In the ovarian data set, the accuracy of survival classification using the combined miRNA/mRNA profiles with IFS was 75% using RF, 86.36% using SVM, 84.09% using FSCOX_median, and 88.64% using FSCOX_SVM with a balanced 22 short-term and 22 long-term survivor data set. These accuracies are higher than those using miRNA alone (70.45%, RF; 75%, SVM; 75%, FSCOX_median; and 75%, FSCOX_SVM) or mRNA alone (65.91%, RF; 63.64%, SVM; 72.73%, FSCOX_median; and 70.45%, FSCOX_SVM). Similarly in the glioblastoma multiforme data, the accuracy of miRNA/mRNA using IFS was 75.51% (RF), 87.76% (SVM) 85.71% (FSCOX_median), 85.71% (FSCOX_SVM). These results are higher than the results of using miRNA expression and mRNA expression alone. In addition we predict 16 hsa-miR-23b and hsa-miR-27b target genes in ovarian cancer data sets, obtained by SVM-based feature selection through integration of sequence information and gene expression profiles.

Conclusion

Among the approaches used, the integrated miRNA and mRNA data set yielded better results than the individual data sets. The best performance was achieved using the FSCOX_SVM method with independent feature selection, which uses intermediate survival information between short-term and long-term survival time and the combination of the 2 different data sets. The results obtained using the combined data set suggest that there are some strong interactions between miRNA and mRNA features that are not detectable in the individual analyses.

Introduction

Ovarian cancer is the fifth leading cause of death from gynecological malignancy in the United States and Western Europe [1]. The high mortality rate of ovarian cancer is largely due to the typically advanced stage at initial diagnosis [1]. According to statistics, 75% of patients with ovarian cancer are diagnosed at an advanced stage, for which the 5-year survival rate is only 5–30%, with an average survival time of 21 months. In contrast, the 5-year survival rate among patients diagnosed early exceeds 90% [1]. Glioblastoma multiforme (GBM) is the most common and most aggressive brain tumor and has poorest survival with median 9–15 month. Nevethless, a small percent of patient survived for longer than 3 years [2], [3]. The molecular mechanisms that mediate longer survival in patients with advanced stages of ovarian cancer [4] and GBM [3] are a focus of current research.

Several studies have shown that miRNAs, which are small, 19–22 nucleotide non-coding RNAs [5], play an important role in cancer progression by regulating target mRNAs and mediating translational repression [6], [7], [8]. Molecules such as miRNAs and other noncoding RNAs have received recent attention [9], [10] because of their complicated communication systems in the cell. miRNA expression profiles have been reported to be associated with the characteristics of many cancers, including lung, breast [11], and ovarian [12], [13]. Moreover, mRNA and miRNA studies have been performed for many cancer subtypes [13]. Guo [14] studied the survival time associated with miRNAs chosen for their distinctive expression in esophageal squamous cell carcinoma, and Yu [15] proposed a method that predicted survival and relapse in non-small-cell lung cancer using hazard ratios based on miRNA expression from univariate Cox regression. The study of mRNA in cancer subtypes and cancer prognosis is a much more established area that has had a number of important successes [13], [16], [17], [18], [19]. Nevertheless, developing a method for separating cancer phenotypes remains a challenge, and predicting cancer survival time in ovarian cancer patients based on these expression profiles has not been very successful.

Many studies have suggested the use of better-performing molecular data sets, such as miRNA or mRNA, for cancer-related classification. However, several unresolved questions about their relationships still remain. For example, Lu [20] distinguished multiple tumors (generally poorly differentiated) of 11 cancer types using gene expression profiles from a bead-based flow cytometric miRNA expression profiling technique. The accuracy of this classification, based only on miRNA expression, was 70.58% in a test set of 11 types of cancer. However, the accuracy was only 5.9% when classification was based on mRNA expression profiles.
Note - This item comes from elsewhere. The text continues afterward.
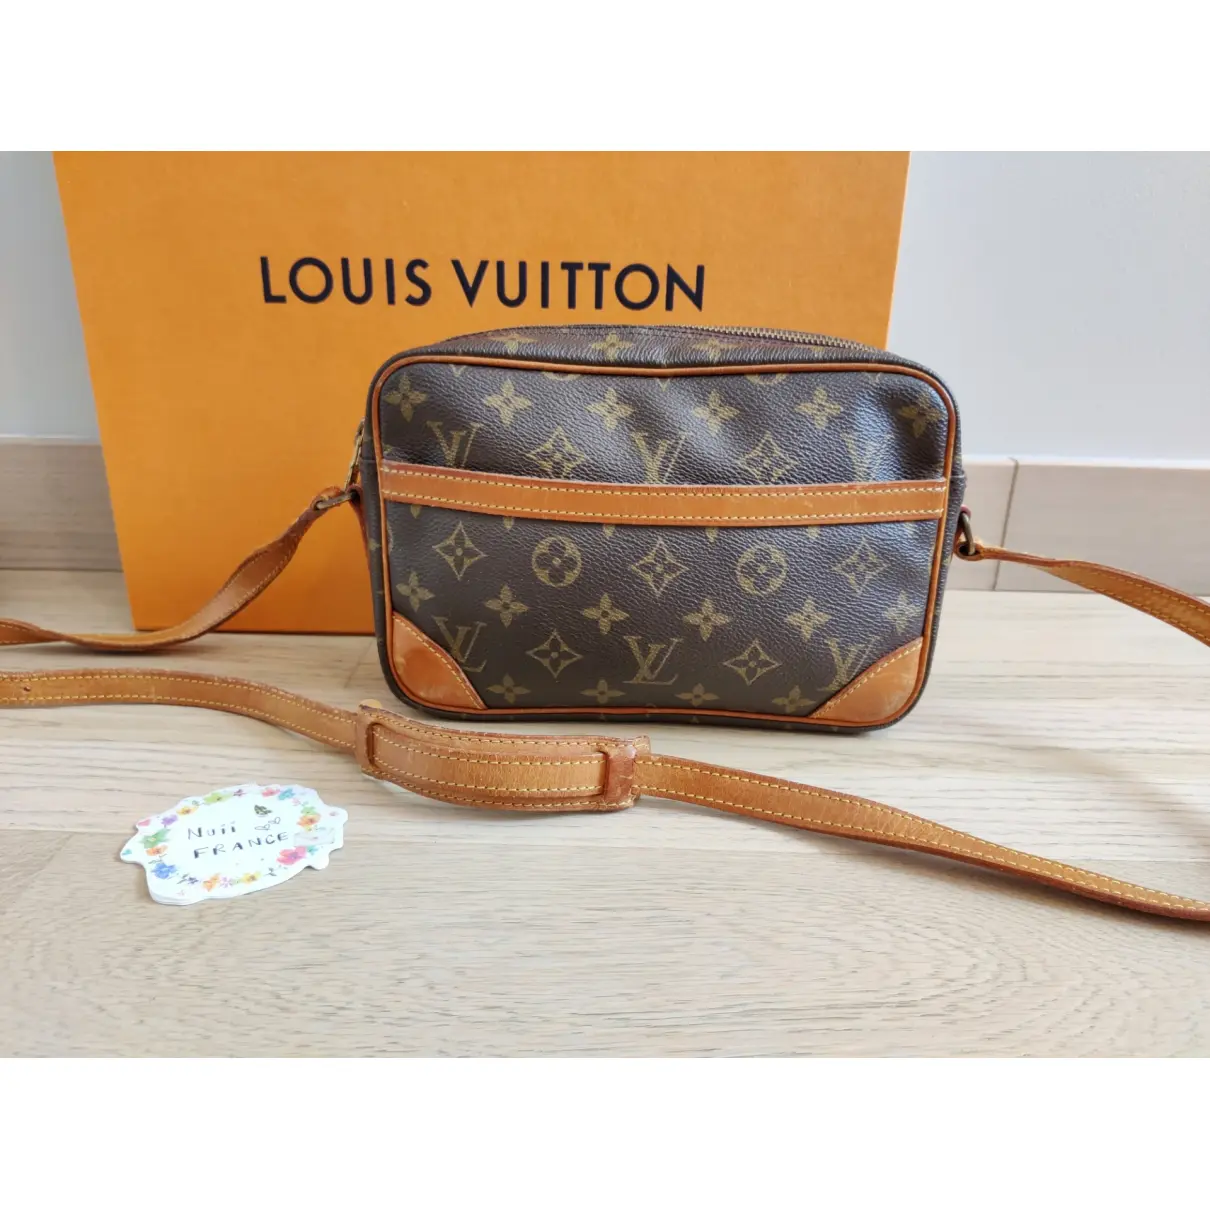 Buy Louis Vuitton Trocadéro leather crossbody bag online

Conversely, using the same data set along with an second similar data set of 11 (of 14) cancers, Peng [21] used support vector machine (SVM) with a modification of recursive feature elimination and compared classification performance using miRNA and mRNA profiles. The results suggested that classification using mRNA is superior to that using miRNA.

In this study, we used 3 cancer data sets to predict survival time (1) only mRNA expression, (2) only miRNA expression, and (3) both mRNA and miRNA gene expression. In all 3 cases, we assessed the quality of these features as predictors of survival time. For these 3 data sets, we implemented 2 different methods to integrate information to predict cancer survival time. The first is a well-known classification algorithm, SVM and randomforest (RF), based on the discretization of survival times into 2 classes, while the second is feature selection with a Cox proportional hazards regression-based algorithm (FSCOX) based on continuous survival information. Our approaches for predicting survival time use machine learning (ML) protocols, which allow for transparent combinations of information types (miRNA and mRNA expression). In principle, integration of molecular information types in ML can be done using the standard ML method of kernel addition, without limiting the number of data types. This means taking kernel matrices representing multiple data sources (e.g., mRNA and miRNA expression), and adding their kernels to represent combined information. For biomarker-based prediction, kernel addition is a simple modular method that integrates different information sources to predict cancer phenotypes.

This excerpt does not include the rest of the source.